Не знаю, как у других, а у меня мысль, что можешь поехать и не вернуться, запихнутая по возможности куда-то подальше в глубину сознания, так или иначе все-таки присутствовала. И именно в эти поездки она стала неотвязней, чем когда-нибудь. Наверное, как это свойственно нашему брату, я придавал своей незаконченной повести больше значения, чем она имела. И опасение вдруг так и не закончить ее из-за какой-нибудь несчастной случайности там, на фронте, обострило чувство самосохранения. Говоря о таких вещах, нужно говорить правду, и, оглядываясь сейчас назад, на то время, я просто-напросто знаю, что все это сказывалось на моих тогдашних корреспонденциях. Постыдной трусости, помнится, не проявлял – от этого удерживали самолюбие и погоны на плечах, но осторожничал, старался свести к минимуму моменты личного риска, связанные с корреспондентской работой, что, конечно, отражалось на ее качестве. Реже рискуешь – меньше видишь, хуже пишешь.
Приведу записи, оставшиеся в дневниках и во фронтовых блокнотах от всех этих трех поездок.

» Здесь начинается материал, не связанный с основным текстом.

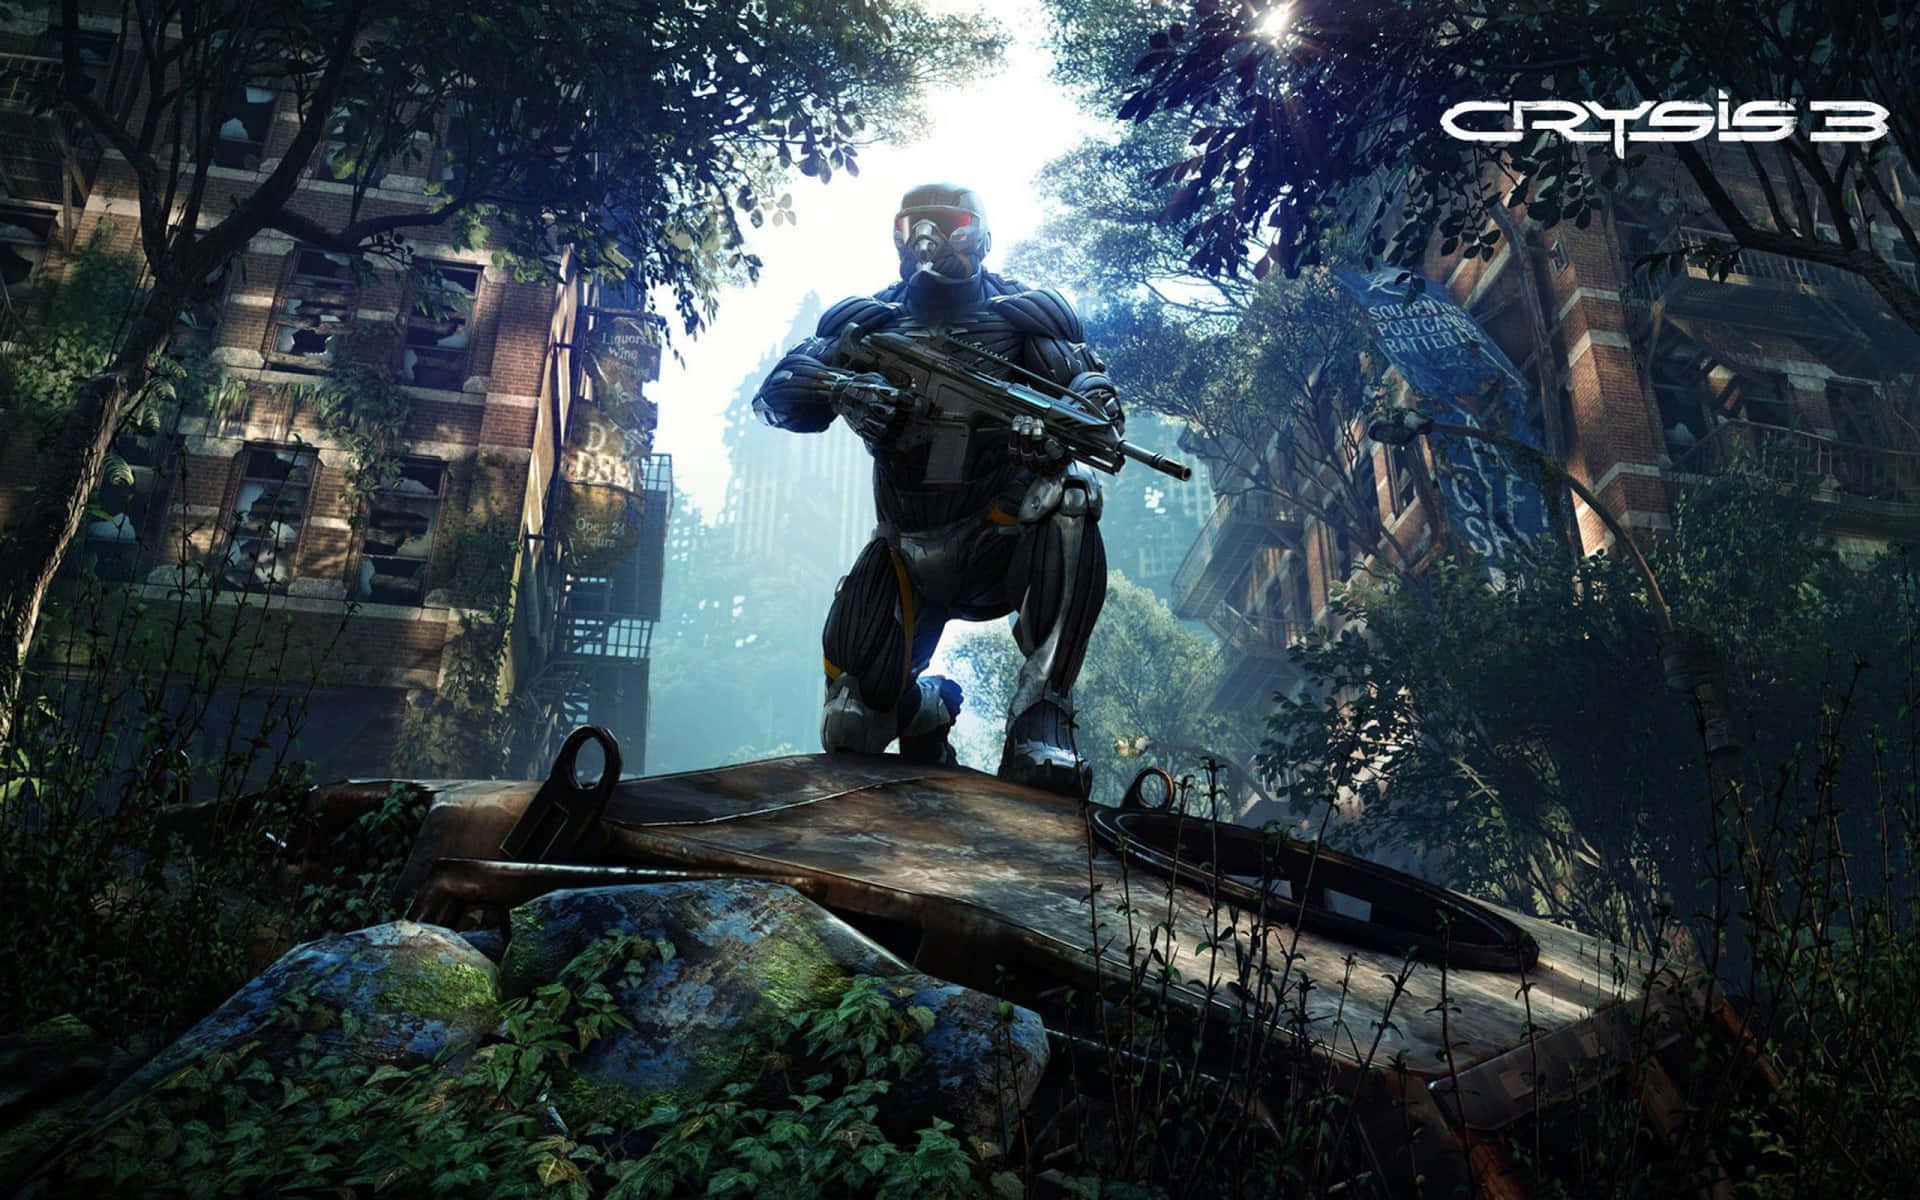 Witness the Action in Immersive 4K with Crysis Wallpaper

…Снова у Пухова, теперь под Кромами. Услышал о нем интересную подробность: в мае, во время затишья, когда пришло много подарков из тыла, Пухов придумал свой способ раздачи. Вызвал из разных частей девушек связисток, медсестер, санитарок – и поручил им прямо в окопах раздать все эти подарки бывалым солдатам, причем прежде всего – старших возрастов. Во время этих раздач было много трогательного. Пухову хотелось заронить искорку женской теплоты в сердца усталых от войны людей.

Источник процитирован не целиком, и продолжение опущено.